Michael Woditschka lembra como se fosse ontem do dia de 1999 em que a polícia o intimou por ter tido um relacionamento com um jovem dois anos mais novo quando ele tinha 19 anos. Duas décadas depois, a Áustria "pede desculpas".
O consultor de 44 anos é uma das 11 mil pessoas LGBTQIA+ que até 2002 tiveram que enfrentar acusações no país.
Seu nome estava na lista de amantes que seu ex-companheiro, então menor de idade, forneceu quando foi preso no meio de um ato sexual dentro de um carro.
Desde 1º de fevereiro, as autoridades austríacas prometeram anular as sentenças contra todas as pessoas que a solicitarem, afirmando ainda que pagarão indenizações.
"Eu estava em busca de uma identidade, estava me construindo e, de repente, me vi tratado como um agressor sexual, tendo que detalhar minhas práticas [sexuais] na delegacia", lembra Woditschka.

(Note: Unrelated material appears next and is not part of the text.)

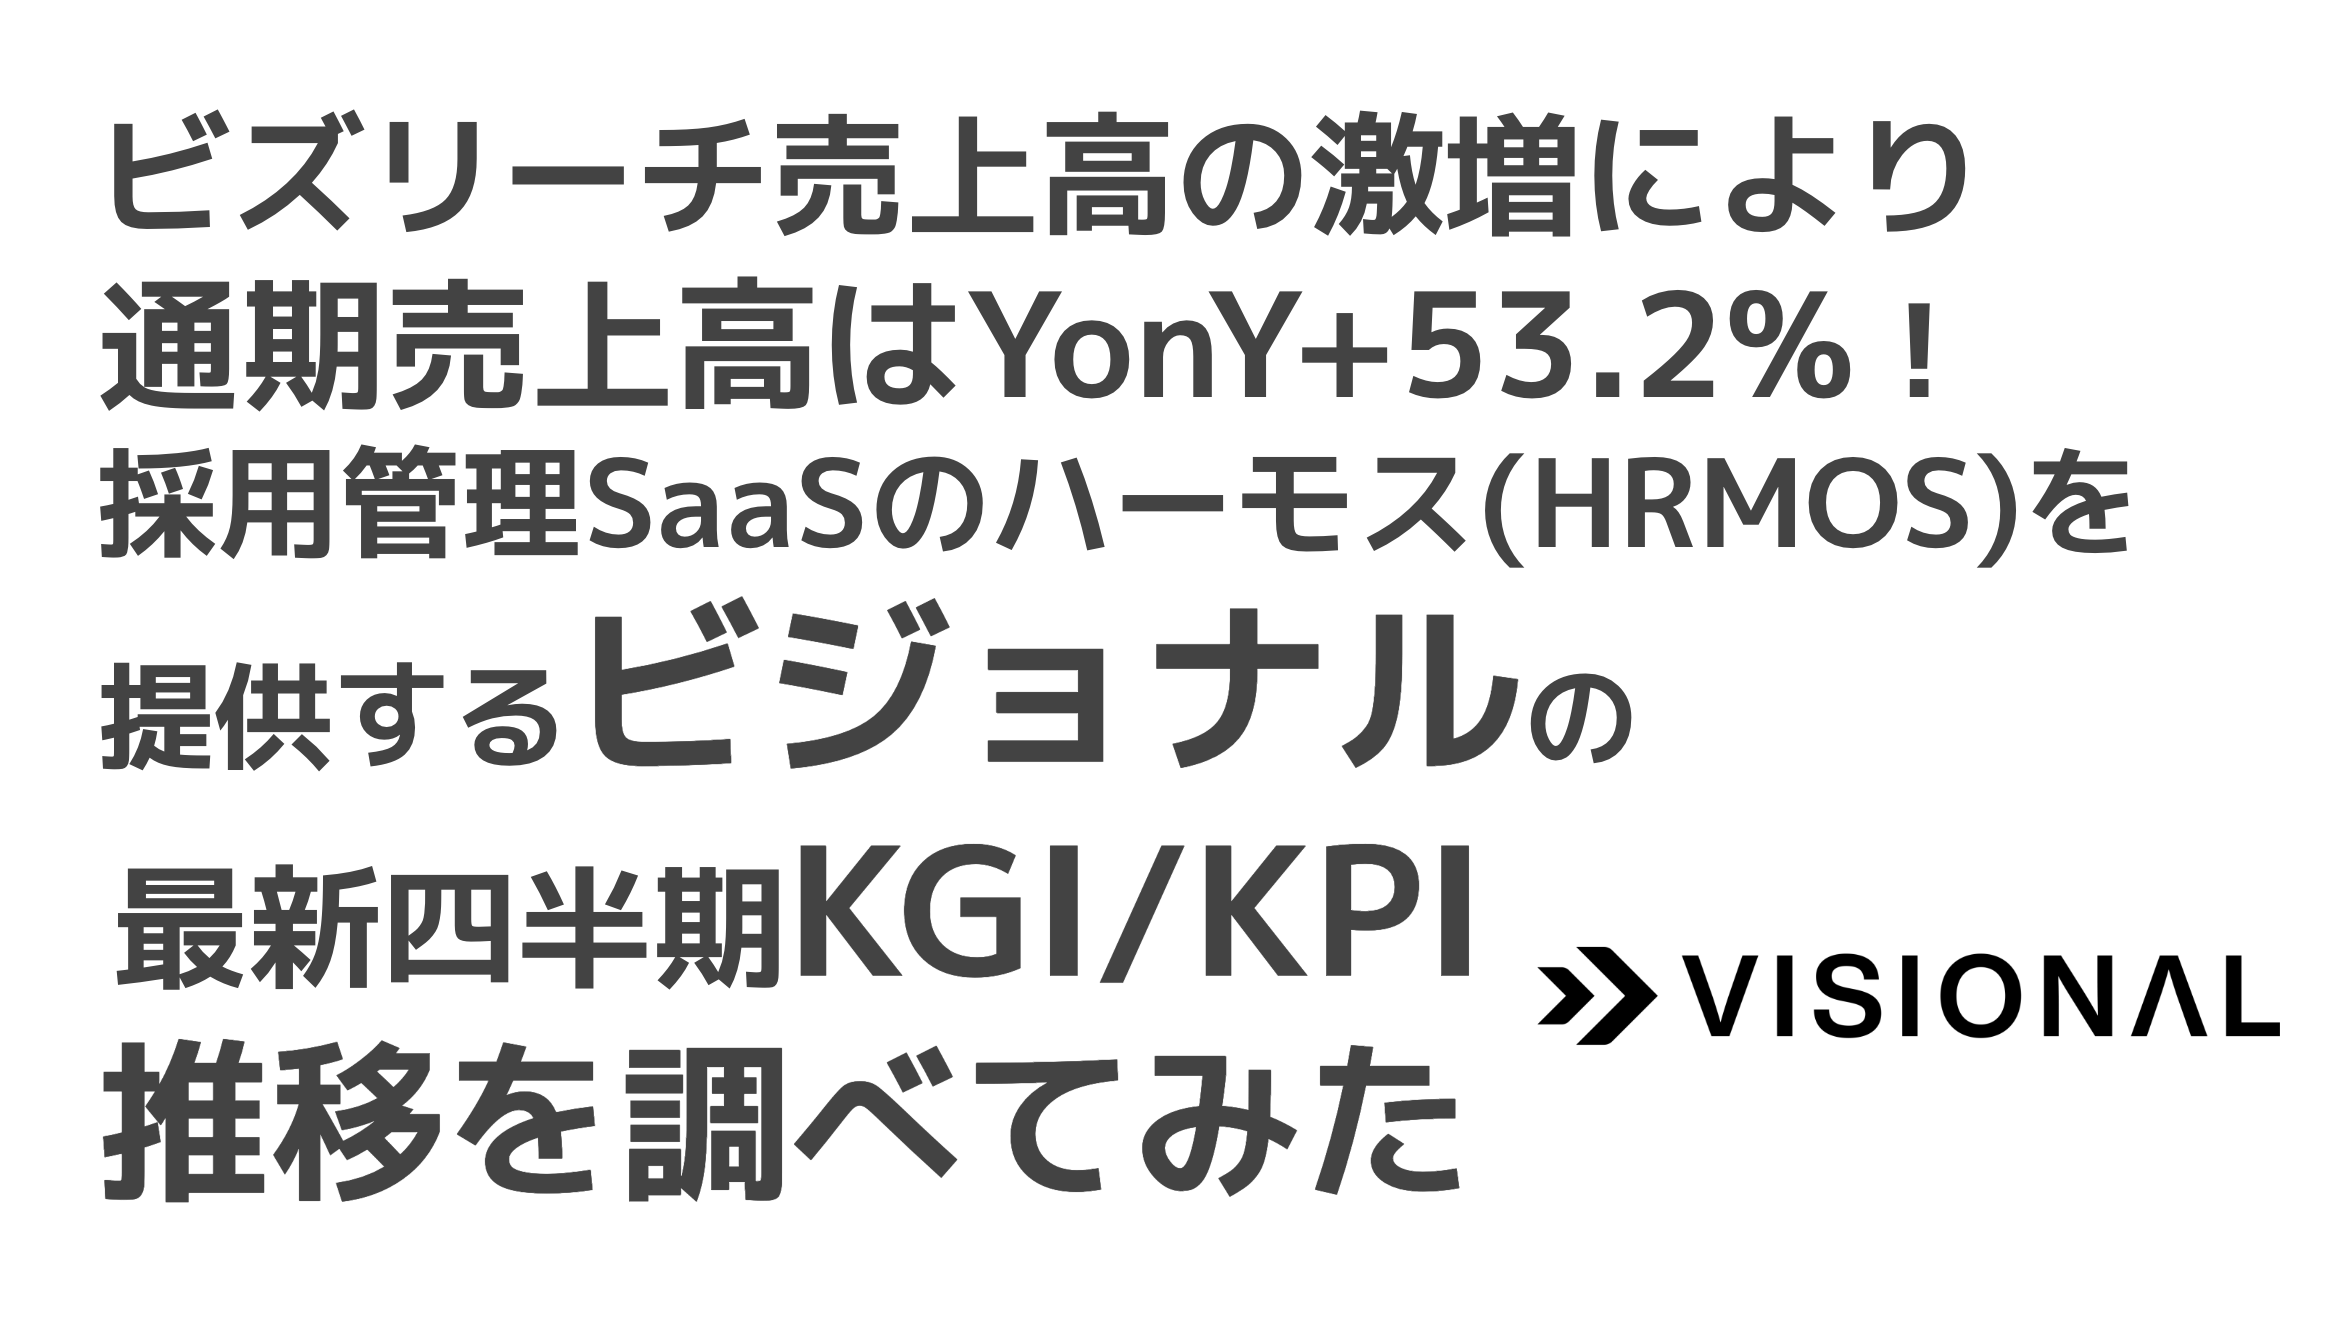 saaslife_ビズリーチ売上高の激増により通期売上高はYonY+53.2%！採用管理SaaSのハーモス(HRMOS)を提供するビジョナルの最新四半期KGI/KPI推移を調べてみた

Em tribunal, foi condenado a multa por "fornicação homossexual com menor" após a leitura detalhada de uma ata em audiência pública perante a imprensa. "Toda a Áustria de repente soube que eu era gay. Quando, com quem e como", afirmou ele.
A homossexualidade foi descriminalizada na Áustria em 1971, mas milhares de pessoas gays e bissexuais foram condenadas de acordo com os novos parágrafos do Código Penal.
Mesmo muito tempo após aderir à União Europeia em 1995, era necessário ser maior de idade para manter relações sexuais entre homens, embora lésbicas e heterossexuais estivessem livres de seus atos a partir dos 14 anos.
Embora as penas fossem frequentemente suspensas, "normalmente ainda estávamos em detenção provisória e todos sabiam disso", explica Andreas Brunner, especialista na história da comunidade LGTBQIA+ e codiretor do centro de arquivos QWIEN.
"Para muitos, foi uma morte social", disse o homem de 62 anos.
A condenação ficava registrada e muitas empresas e profissões exigiam não possuir registro judicial.
O partido conservador no poder, influenciado pela Igreja Católica, nunca quis modificar a legislação, contrariando o direito europeu.
- "Reabrir feridas" -
Em 2022, um decisão do Tribunal Europeu dos Direitos Humanos obrigou o governo austríaco a impôr um fim à descriminação.
Desde então, todos os avanços em relação às minorias sexuais e de gênero foram impostos pela Suprema Corte do país, incluindo o casamento e adoção entre pessoas do mesmo sexo em 2019.
Era hora de "olhar a história de frente e assumir as nossas responsabilidades", admite a ministra da Justiça, Alma Zadic, do partido ambientalista.
Criou-se então um fundo de 33 milhões de euros (R$ 180 milhões) para indenizar cada uma das 11 mil pessoas com 3.000 euros (R$ 16.398) e mais 1.500 euros (R$ 8.199) por cada ano de detenção.
Woditschka considera a medida um "símbolo", mas afirma que é "insuficiente", uma vez que "alguns perderam tudo", lamenta.
"Muitos dirão que não vale a pena reabrir feridas", diz ele, que acredita que teria sido melhor se as autoridades os contactassem "diretamente", e não que estas pessoas fornecessem "provas" por conta própria, acrescenta.